An earlier version of the label was revised to correct the
omission of the "PE" designation where the concentration was
expressed. However, the label still does not express total
vial contents, in mg, as a single statement on the label.
SAFE PRACTICE RECOMMENDATION: If Cerebyx is used at
your practice site, reconsider the need for it in light of
generic forms of safely labeled phenytoin injection.
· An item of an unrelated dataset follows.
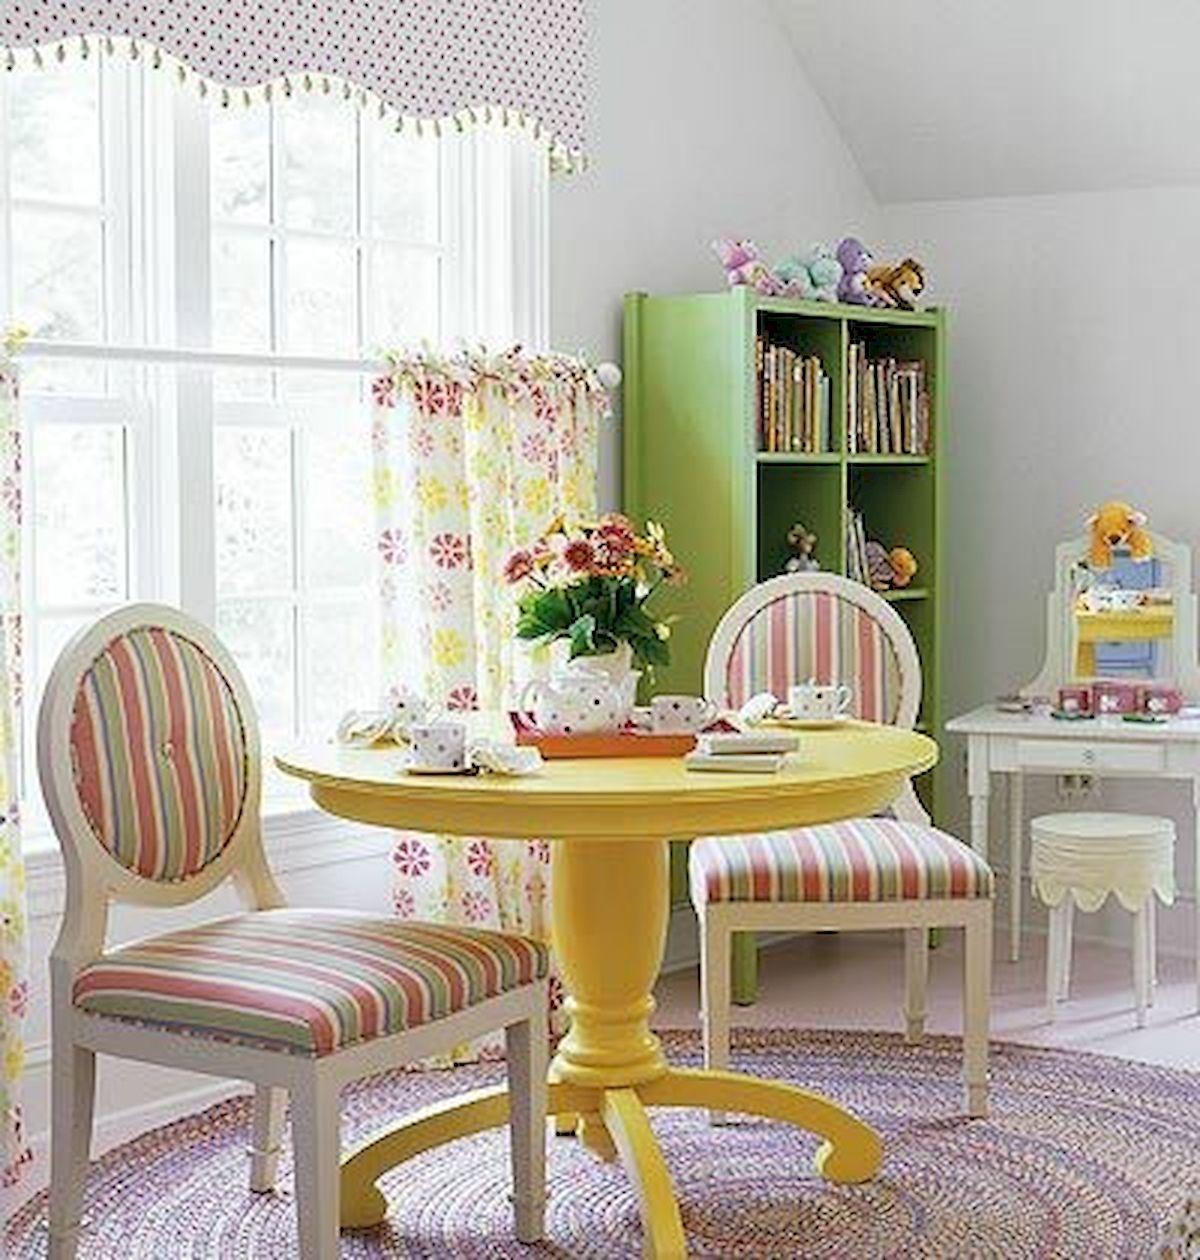 45 Colorful Interior Home Design and Decor Ideas (21)

If its
use can be eliminated or suspended, return vials of Cerebyx
to your distributor until the package labeling is revised.
When the product must be used, special precautions should
be implemented. Consider storage and preparation only in the
pharmacy. If vials must leave the pharmacy, apply special
auxiliary labeling that clearly lists total vial contents
(e.g. 100 mg/2 mL). Additionally, stock only the 100 mg PE/2
mL vials. Erroneous label interpretation would require numerous
vials which may alert practitioners that an error has been
LESSON NOT YET LEARNED: Lack of information is not
the problem; lack of comprehensive action to maximize safety
is. Effective error prevention efforts require action on information
learned about adverse experiences at other practice sites.
While Cerebyx issues have been mentioned many times in this
and other publications, appropriate action to prevent errors
has not been taken at many hospitals. Pharmacy managers must
provide leadership in the effort to reduce errors by placing
important issues raised in the ISMP Medication Safety Alert!
and other publications on appropriate committee agendas. In
too many cases, hospitals that use Cerebyx can't envision
making an error similar to the one described above. But it
can happen at your site.
Pharmaceutical companies should also learn from these tragic
errors. ISMP has made numerous contacts with Parke-Davis management
and regulatory staff about Cerebyx medication errors over
the past three years. It should not require reports of multiple
patient deaths or serious injury before action is taken. We
are encouraged that so many have taken the time to send reports
of incidents with Cerebyx. We thank you, because your action
allows regulatory authorities to properly assess the serious
nature of the issues we've raised. Although effective action
should not take so long, we are encouraged by FDA's newly
established Office of Post-marketing Drug Risk Assessment
(OPDRA) which promises to get involved early if serious product-related
errors are recognized soon after launch.